Parameter Description

Parameter	Description	Default Value	Parameter Range
Minimum aspect ratio	The minimum value of the bounding box aspect ratio. Instances whose bounding box aspect ratio is lower than this value will be filtered out	0	[0, 10000000]
Maximum aspect ratio	The maximum value of the bounding box aspect ratio.
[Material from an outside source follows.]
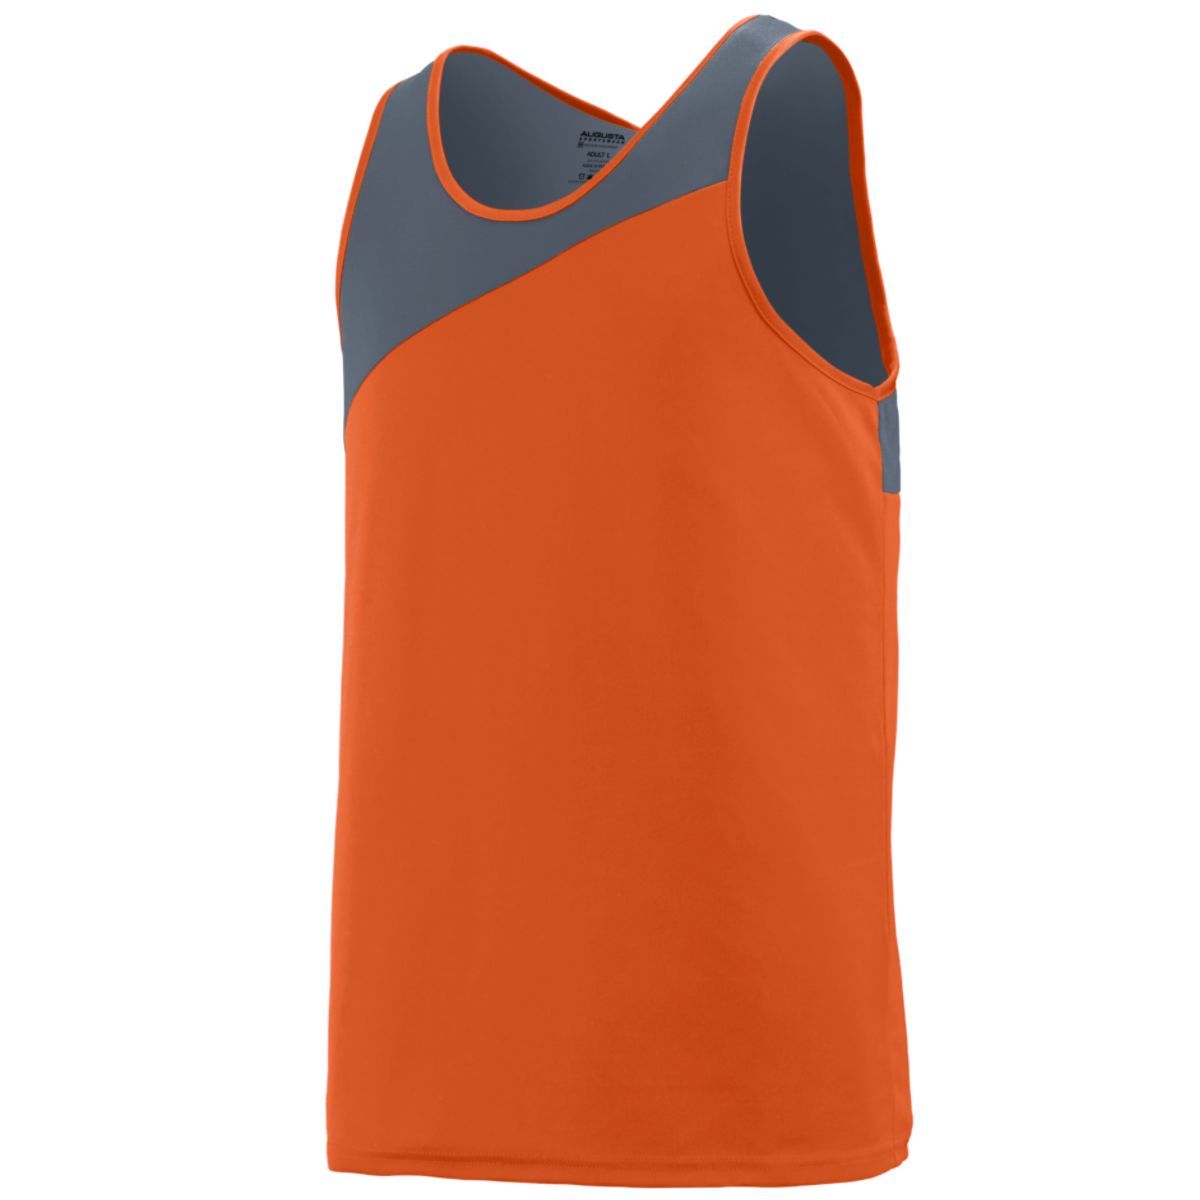 Augusta Sportswear Youth Accelerate Jersey in Orange/Graphite  -Part of the Youth, Youth-Jersey, Augusta-Products, Track-Field, Shirts product lines at KanaleyCreations.com

Instances whose bounding box aspect ratio is higher than this value will be filtered out	10000000	[0, 10000000]
Use X/Y-axis side lengths as the aspect ratio	By default, this option is cleared, and the ratio of the longer side to the shorter side of the bounding box is used as the aspect ratio, which is suitable when the lengths of the longer and shorter sides of the bounding box differ greatly; when selected, the ratio of the side lengths of the bounding box along the X-axis and Y-axis in the pixel coordinate system is used as the aspect ratio. This is suitable when the ratios of the longer side to the shorter side are similar for most normal instance bounding boxes, but some abnormally recognized instance bounding boxes differ greatly in the ratio of their X-axis length to Y-axis length.	Cleared	/

1.4.3 Filter Instances Based on Category ID

Function Description

Filter according to instance categories

Use Case

Suitable for scenarios where incoming materials contain multiple types of target objects

Parameter Description

Parameter	Description	Default Value
Retained category IDs	Instances whose category IDs are in the list are retained; instances whose category IDs are not in the list are filtered out	[0]

Example

1.4.4 Filter Based on Instance Point Cloud Side Length

Function Description

Filter according to the long side and short side of the instance Point Cloud

Use Case

Suitable for scenarios where the distances of instance Point Clouds along the X-axis or Y-axis differ greatly. By setting the distance range of instance Point Clouds, image noise can be filtered out, improving image recognition accuracy and avoiding additional processing time caused by noise.

Parameter Description

Parameter	Description	Default Value	Parameter Range	Unit
Short-side length range (mm)	The side length range of the short side of the Point Cloud	[0, 10000]	[0, 10000]	mm
Long-side length range (mm)	The side length range of the long side of the Point Cloud	[0, 10000]	[0, 10000]	mm
Lower bound of edge denoising (%)	Extract the lower percentage bound of X/Y values (Camera coordinate system) in the instance Point Cloud, and remove Point Clouds outside the upper and lower bounds to prevent noise from affecting length calculation	5	[0, 100]	/
Upper bound of edge denoising (%)	Extract the upper percentage bound of X/Y values (Camera coordinate system) in the instance Point Cloud, and remove Point Clouds outside the upper and lower bounds to prevent noise from affecting length calculation	95	[0, 100]	/
Side length type	Filter according to the long side and short side of the instance Point Cloud. Instances whose long-side or short-side length is outside the range will be filtered out	Short side of instance Point Cloud	Short side of instance Point Cloud; long side of instance Point Cloud; long and short sides of instance Point Cloud	/

Example

1.4.5 Filter Category ID Based on Classifier

Function Description

Filter instances based on the classifier category ID. Instances not in the reference categories will be filtered out.

Use Case

In multi-category target object scenarios, the vision model may detect multiple types of target objects, but the actual task may require only one category. In this case, this function can be used to filter out unnecessary target objects

Parameter Description

The default value is [0], which means that instances with category ID 0 are retained by default. Instances whose category IDs are not in the list will be filtered out.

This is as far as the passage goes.